The Second Reality: The Beauty of Human Relationships

Read the New Testament carefully with this in mind; notice how often Jesus returns us to this theme, how often Paul speaks of it. We are to show something to the watching world on the basis of the human relationships we have with other people, not just other Christians.

I am talking first of all about non-Christians. The first commandment is to love the Lord our God with all our heart and soul and mind, and the second is to love our neighbor as ourselves. After Jesus commanded this, someone said, "Who is my neighbor?" And Jesus then told the story of the good Samaritan. He was not just talking about treating Christians well; he was talking about treating every man we meet well, every man whether he is in our social stratum or not, every man whether he speaks our language or not, every man whether he has the color of our skin or not. Every man is to be treated on the level of truly being made in the image of God, and thus there is to be a beauty of human relationships. This attitude is to operate on all levels.

Now, if we are call upon to love our neighbor as ourselves when he is not a Christian, how much more - ten thousand times ten thousand times more - should there be beauty in the relationships between tru Bible-believing Christians, something so beautiful that the world would be brought up short!... I we do not show beauty in the way we treat each other, then in the eyes of the world and in the eyes of our own children, we are destroying the truth we proclaim.

Men should see in the church a bold alternative to the way modern men treat people as animals and machines. There should be something so different that they will listen, something so different it will commend the gospel to them... There should be beauty, observable beauty, for the world to see in the way all true Christians treat each other.


In Summary:

We need two orthodoxies: first, an orthodoxy of doctrine and, second, an orthodoxy of community... When a person really has desperate need in the area of race, or economic matters, or psychological matters, does he naturally expect to find a supporting community in our evangelical churches?
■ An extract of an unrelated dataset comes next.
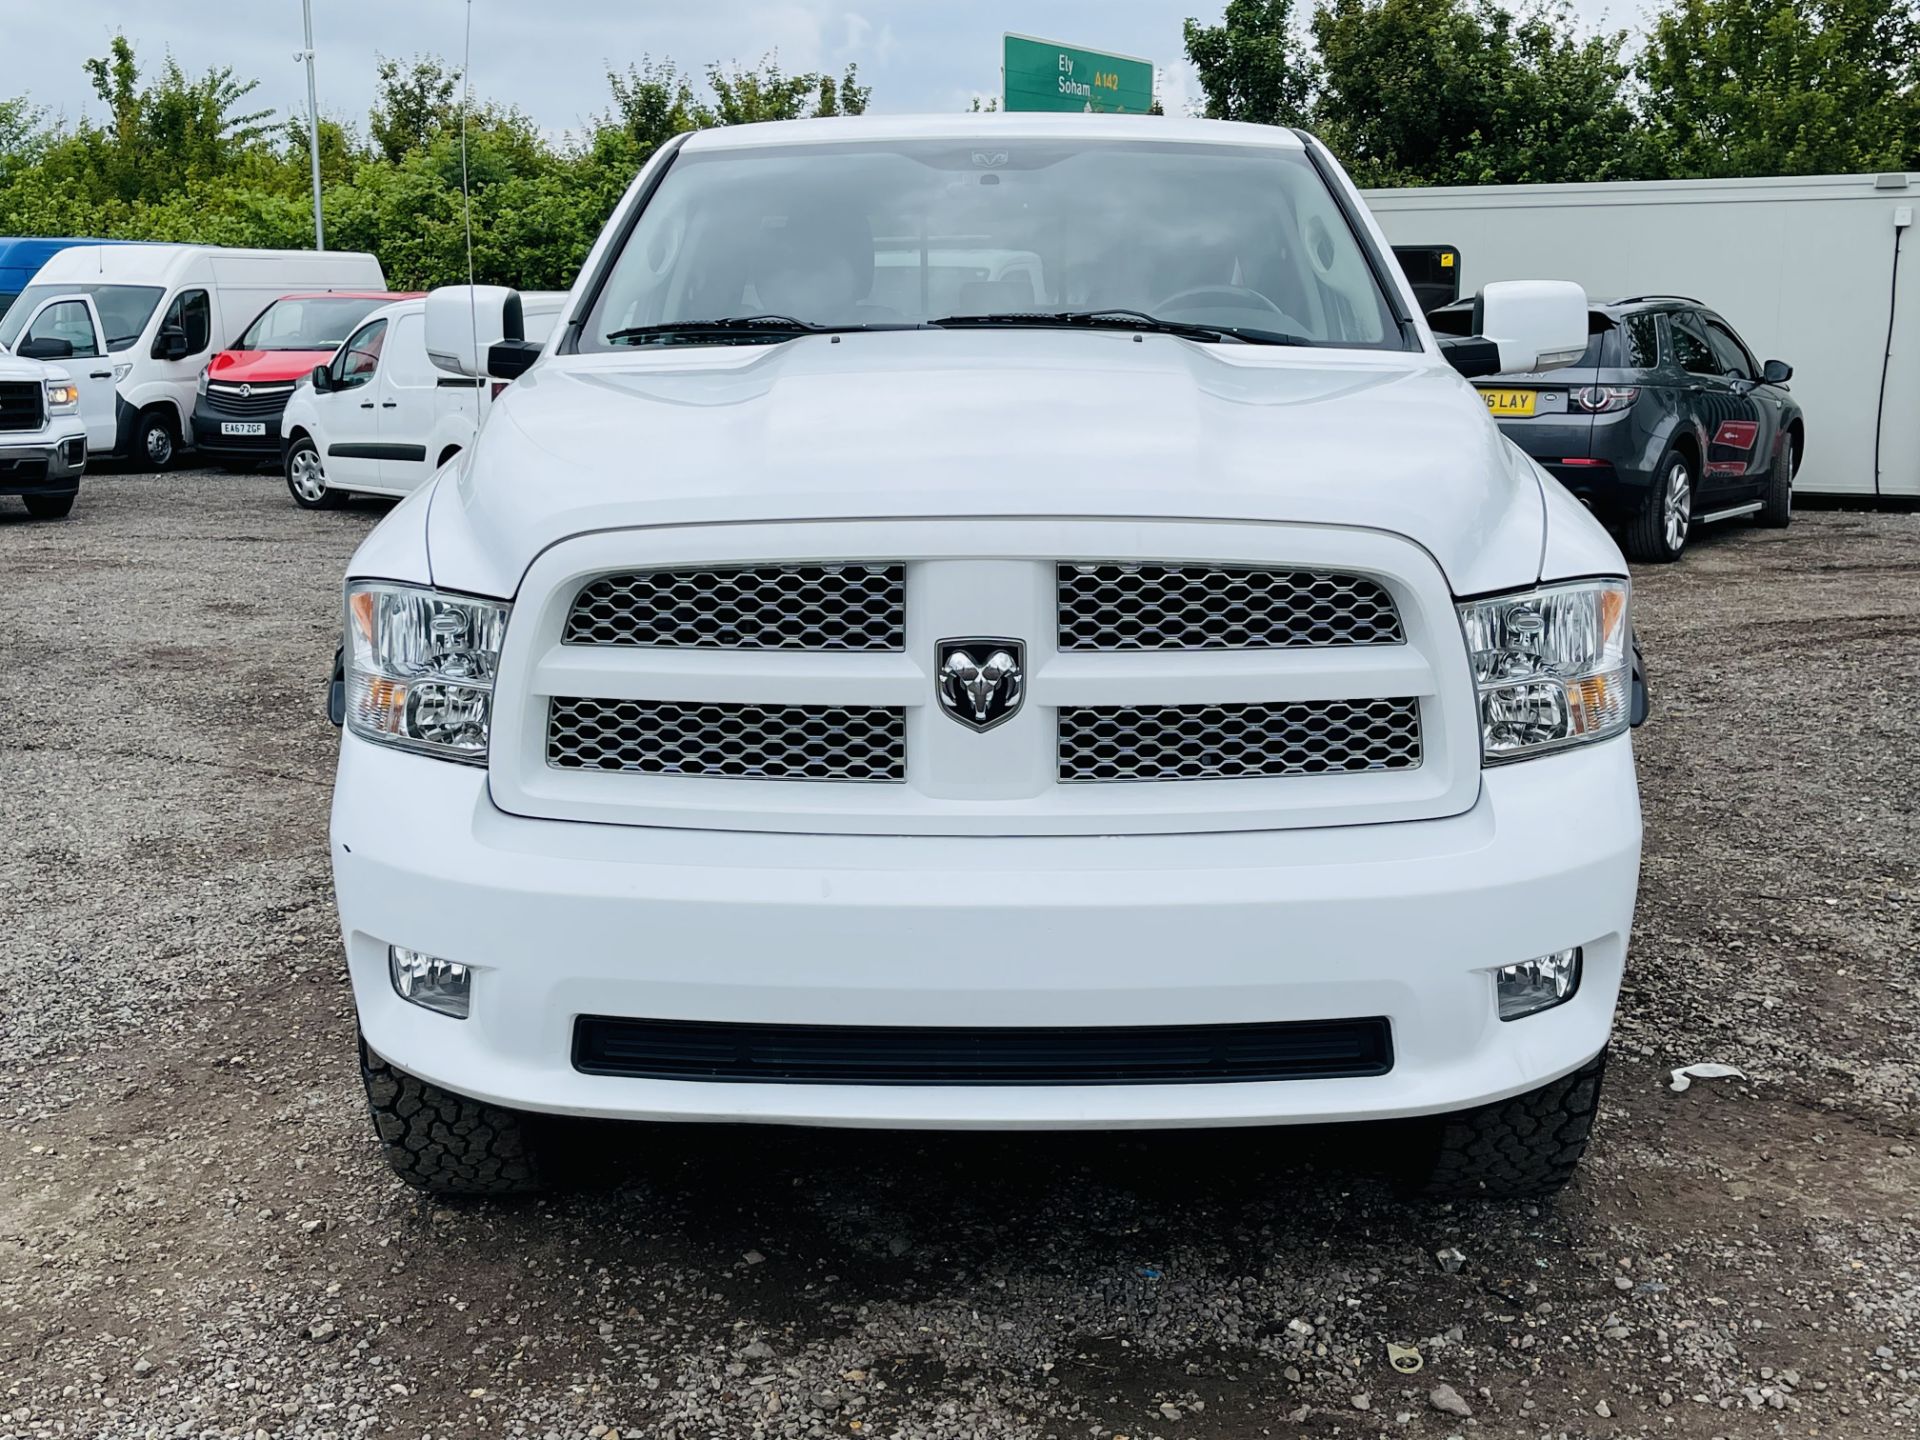 ** ON SALE ** Dodge Ram 5.7 Hemi V8 4x4 **Sport Edition** 2012 Year - Air con - Sport Pack - ** - Image 4 of 26

We must say with tears, many times no!

Both orthodoxies must be practiced down into the warp and the woof of life where the Lordship of the Lord Jesus touches every area of our life... And when there are the two contents and two realities, we will begin to see something profound happen in our generation.


I hope this gives some introduction to Francis Schaeffer that may draw you toward his larger body of thought and work. There is a lot to explore from him. If any of this has awakened an appetite for more I would commend to you his book, True Spirituality, which expands on these ideas and is the more robust outworking of that season of wrestling which he references above.

People talk about books being classics. True Spirituality is truly a classic. I read it 5 years ago and it radically altered the trajectory of my life, my ministry and Generations. In that sense it has influenced all of you already. It wouldn't be a stretch to say that outside of the Bible, this has been has shaping to my as any book I've read so I commend it to you all.